Inspeccionando esas cualidades introversivas que parecen inherentes a la imagen, es fácil percibir que pueden desdoblarse en modalidades de reposo y de individualidad aislada. Ninguna de ellas
suele ser habitual en la escultura romántica, cuya última etapa
puede situarse en el expresionismo. Todo romanticismo es una época impropicia para el ejercicio dé la imaginería: el reposo, o, al
menos, la actividad poco aparente, el estado de contención de la
energía, no se dan en aquella escultura más que como excepción,
y otro tanto cabe decir de esa especial individualidad que se resuelve en expresiones de gravedad objetiva y de introversión. Aun cuando esté físicamente aislada y conclusa en sí misma, toda efigie
romántica lleva encima una carga pasional de índole exhibitoria,
de personaje que está ahí representando un papel determinado: de
actor, en suma.
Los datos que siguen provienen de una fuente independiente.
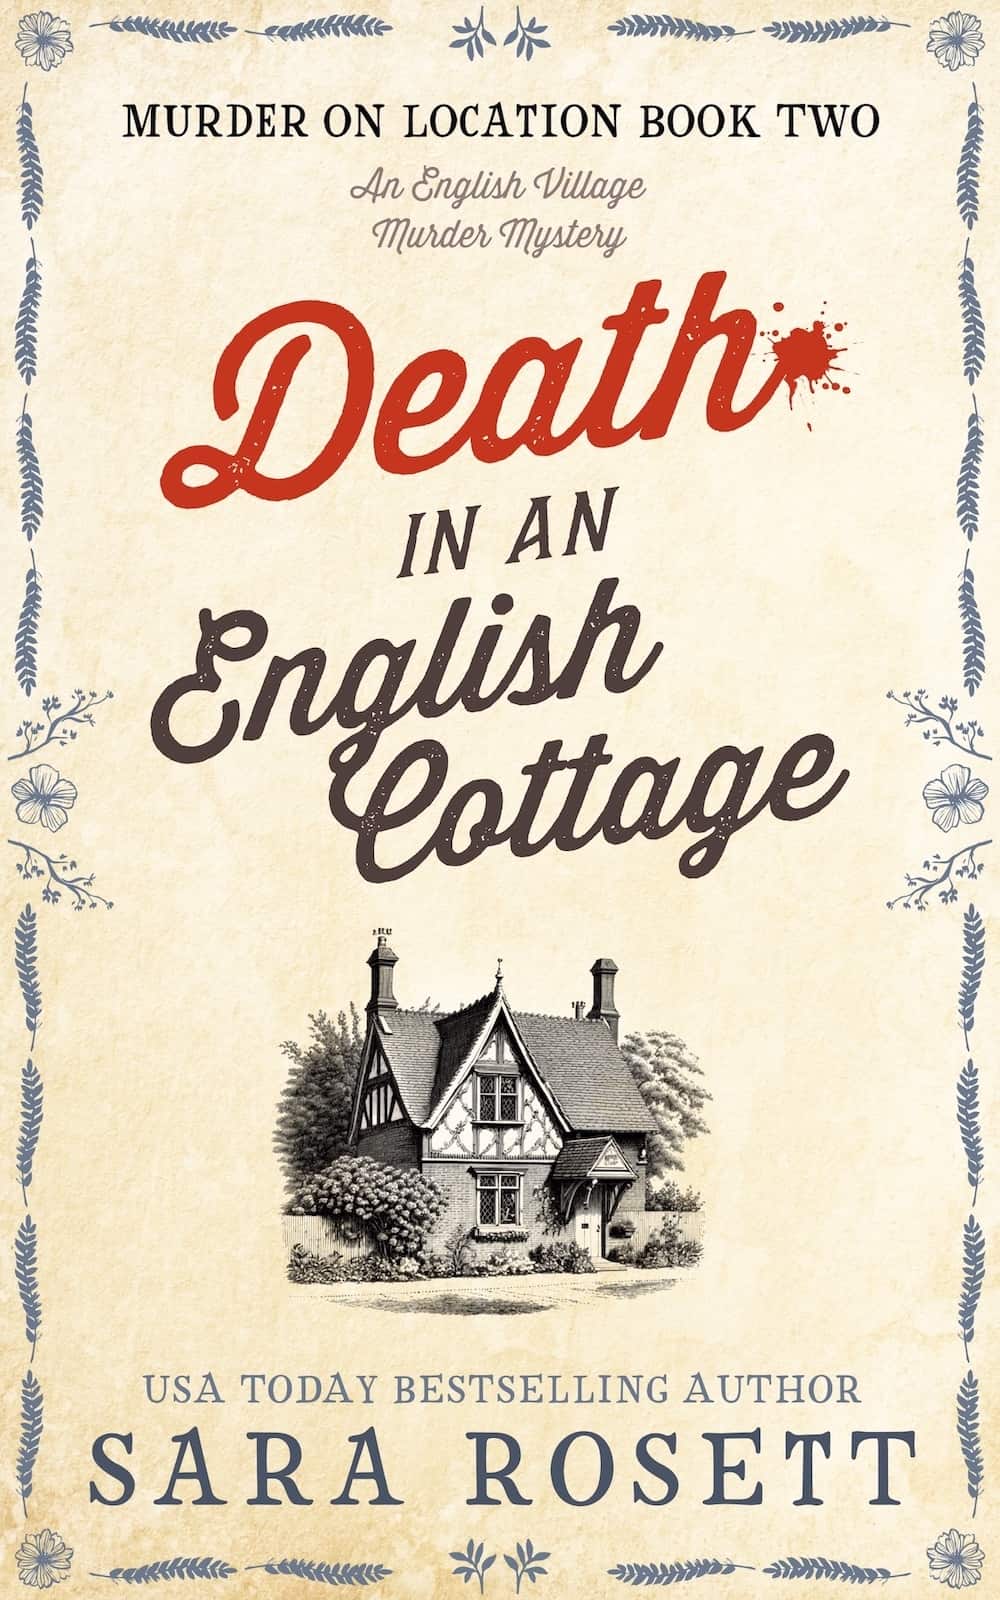 Death in an English Cottage by Sara Rosett

El actor es ese personaje que desmiente necesariamente toda soledad. El término «teatralidad», despojado incluso
de su habitual matiz peyorativo, sólo es un caso extremo de aquella extroversión que no es compatible con la imagen.
Paralelo a todo esto es el hecho de que en todo tiempo el arte
religioso haya encontrado sus más adecuadas representaciones de
la divinidad en la forja de la imagen (de la imagen reduplicative
ut talis, podríamos decir). Al mismo tiempo, nunca ha estado la
escultura tan alejada de alusiones a lo numinoso como en estos momentos de signo romántico, y ello no ya por razones ocasionales y
temáticas, sino en virtud de sus propias exigencias internas. Hoy,
en cambio, hay síntomas de que lá escultura se halla en un estado
de acercamiento a los presupuestos y valores inherentes al arte
religioso. Todo un haz de esos síntomas podría acaso resumirse bajo
la denominación de «retorno a la imagen». Quizá hay en todo esto
una oscura nostalgia del escultor moderno, ansioso de rescatar para
sus obras esa dimensión profundizante que resalta en las creaciones más propiamente religiosas e icónicas comprendidas dentro de
la amplia gama que va de la escultura egipcia hasta lá medieval,
pasando por los kyroi griegos y los iconos bizantinos.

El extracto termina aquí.